A little green lizard crawls over the wall and seems to be in pursuit of a bug for its lunch. Can you notice that there are two green chameleons in the picture? One is larger and the photo caught the chameleon shooting out its tongue to catch the bugs.

This milkweed bug are toxic and birds avoid them. They do make a good meal for some ants.

Ants drag away a small milkweed bug into a burrow in the rocks.

Almost obscure with its neutral colors, this lace winged, mocca colored butterfly almost escaped attention! Butterflies are more friendly during the rainy season. They are tame enough to sit quietly as Betty takes its photo.

While Betty was getting acquainted with the flora and fauna of our farm, I prepared my "Green Chicken Curry" for our lunch. All the ingredients are available on my farm, or at any local market.
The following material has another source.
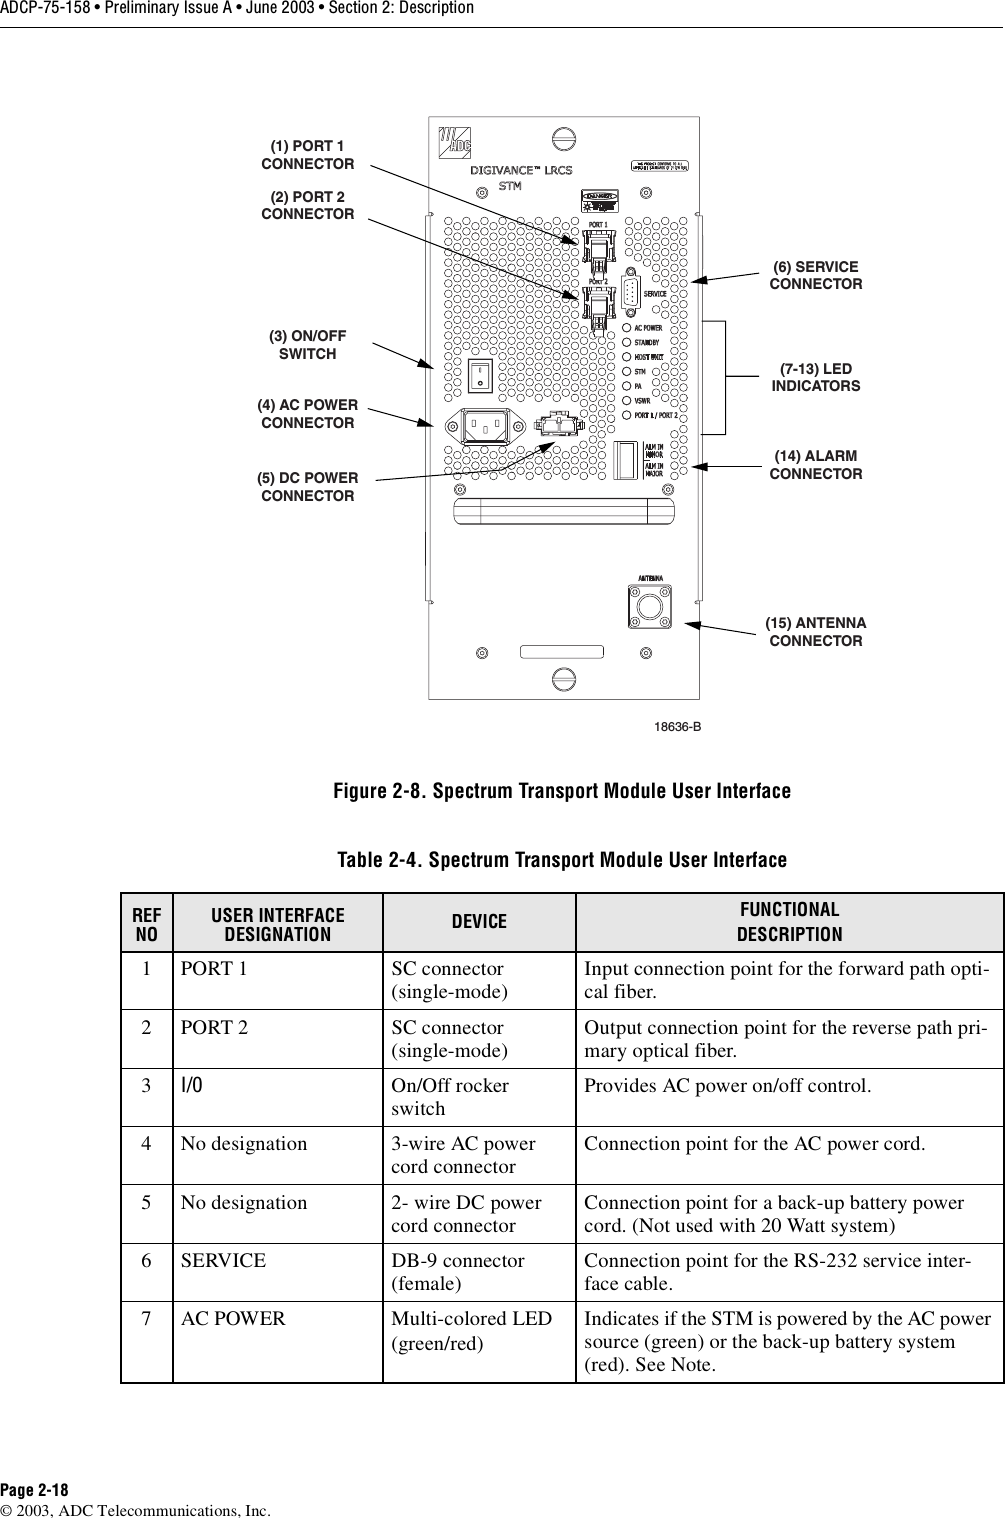 ADCP-75-158 • Preliminary Issue A • June 2003 • Section 2: DescriptionPage 2-18© 2003, ADC Telecommunications, Inc.Figure 2-8. Spectrum Transport Module User InterfaceTable 2-4. Spectrum Transport Module User InterfaceREF NOUSER INTERFACE DESIGNATION DEVICE FUNCTIONALDESCRIPTION1 PORT 1 SC connector(single-mode) Input connection point for the forward path opti-cal fiber.2 PORT 2 SC connector(single-mode) Output connection point for the reverse path pri-mary optical fiber.3I/0 On/Off rocker switch Provides AC power on/off control. 4 No designation 3-wire AC power cord connector Connection point for the AC power cord. 5 No designation 2- wire DC power cord connector Connection point for a back-up battery power cord. (Not used with 20 Watt system)6 SERVICE DB-9 connector (female) Connection point for the RS-232 service inter-face cable. 7 AC POWER Multi-colored LED(green/red)Indicates if the STM is powered by the AC power source (green) or the back-up battery system (red). See Note.18636-B(3) ON/OFFSWITCH(4) AC POWERCONNECTOR(5) DC POWERCONNECTOR(1) PORT 1CONNECTOR(2) PORT 2CONNECTOR(6) SERVICECONNECTOR(7-13) LEDINDICATORS(14) ALARMCONNECTOR(15) ANTENNACONNECTOR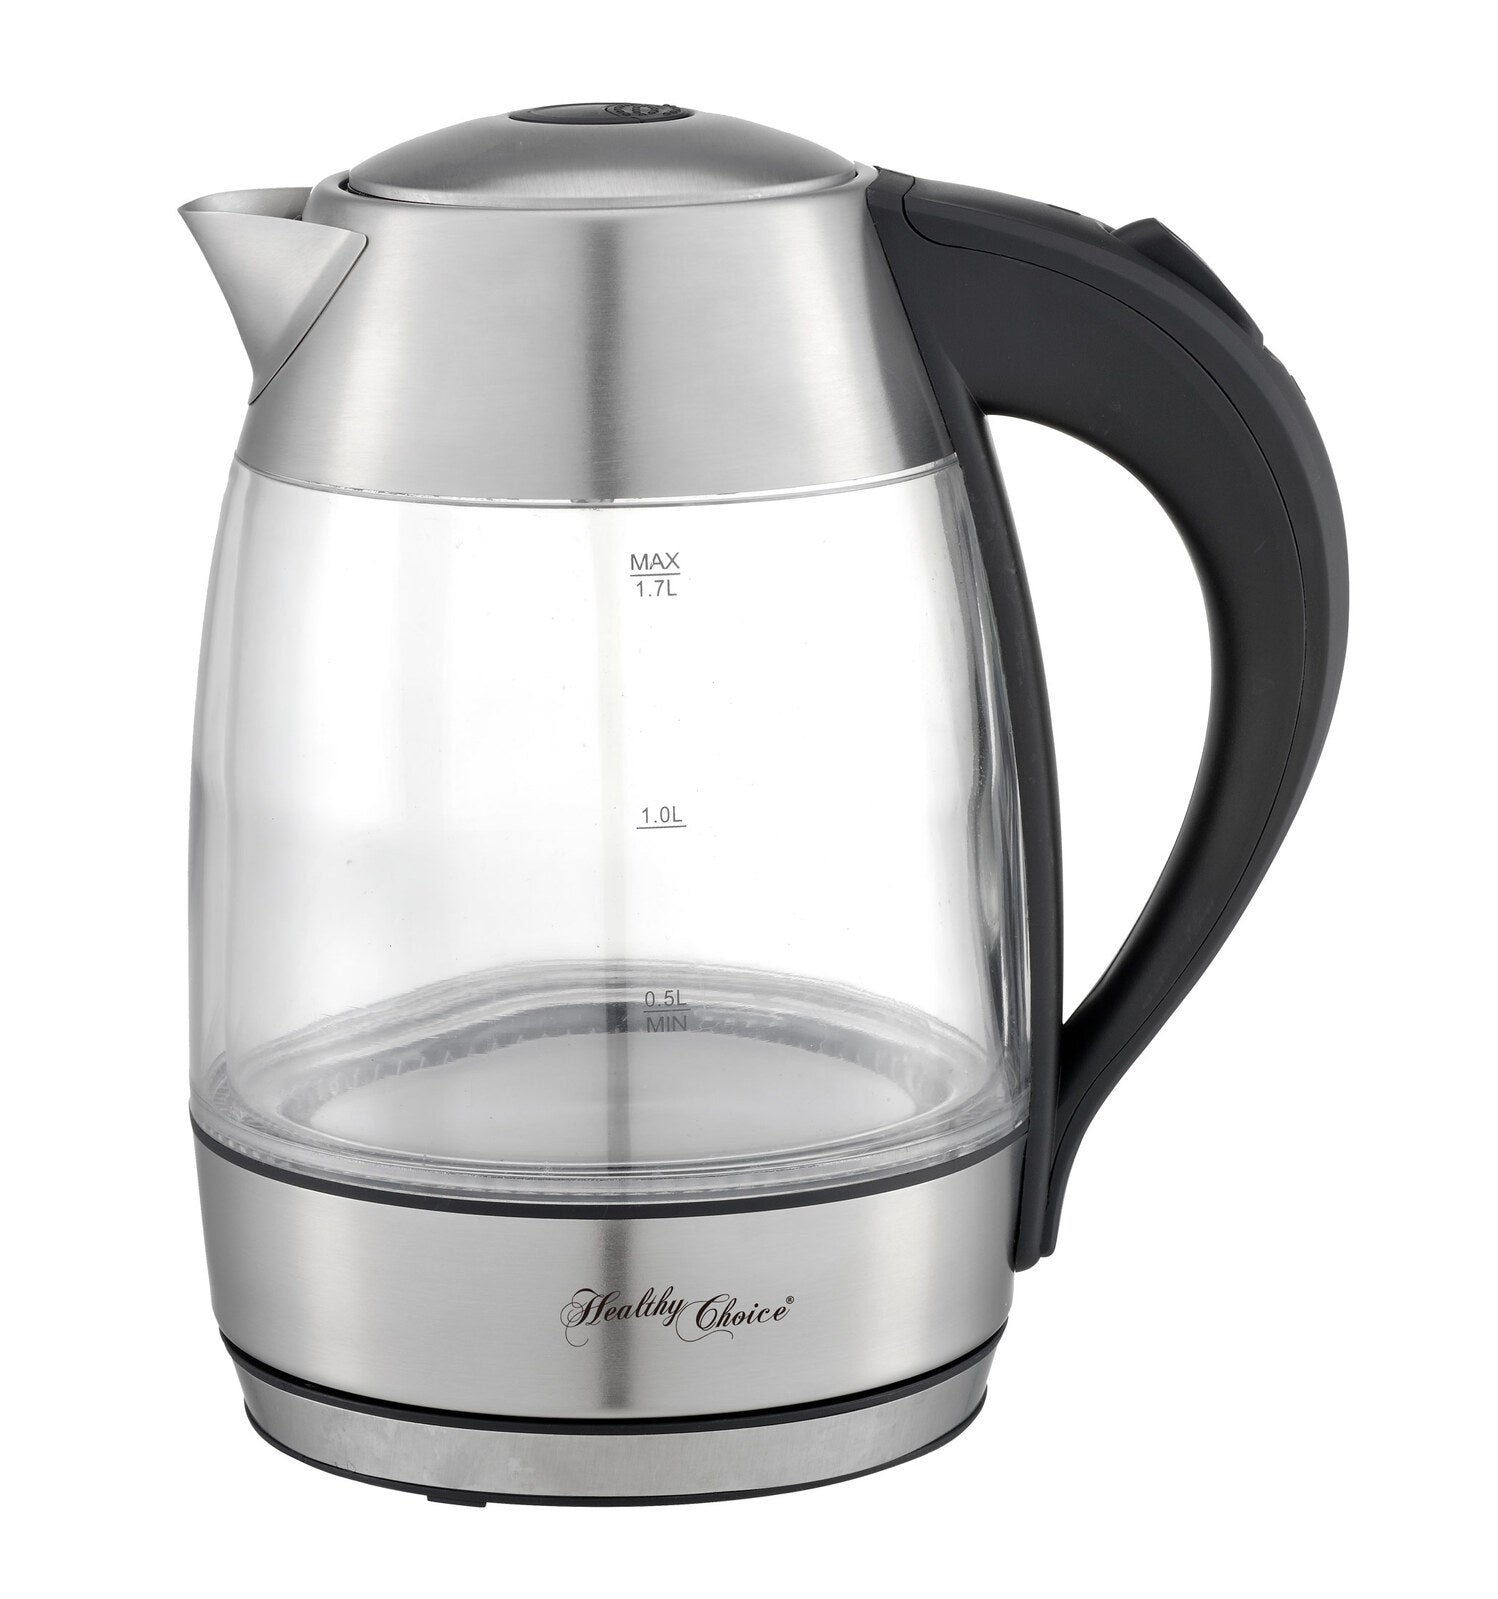 1.7 Litre Glass Kettle with 360 degrees Rotational Base - SILBERSHELL

The main ingredients are found in my herbal patch. This dish is spicy, and has a savory blend of exotic herbs such as lemon grass, coconut milk, coriander, basil, chillies, pepper, lime leaves, tumeric, curry, ginger, and our own organic chicken.

Betty and I plan to return to the town of Amadeo, we will post our photos of our trip, next posting. We hope it will not rain hard next week. We are really full from eating santol.

I also harvested basil herbs that are beginning to flower and produce seeds for next summer season. One cup of basil leaves lightly packed, mashed in a food processor with extra virgin olive oil, pine nuts, salt, garlic and pepper makes 1 batch of fresh pesto. Later on, after a full day at the farm, Betty and I discussed our plans to find Busay Falls on our next road trip....we dined on hot pasta and used the pesto I made for a light dinner.

Our day ended with a light dinner of pasta with farm fresh basil, extra virgin olive oil, nuts, garlic and parmesean cheese.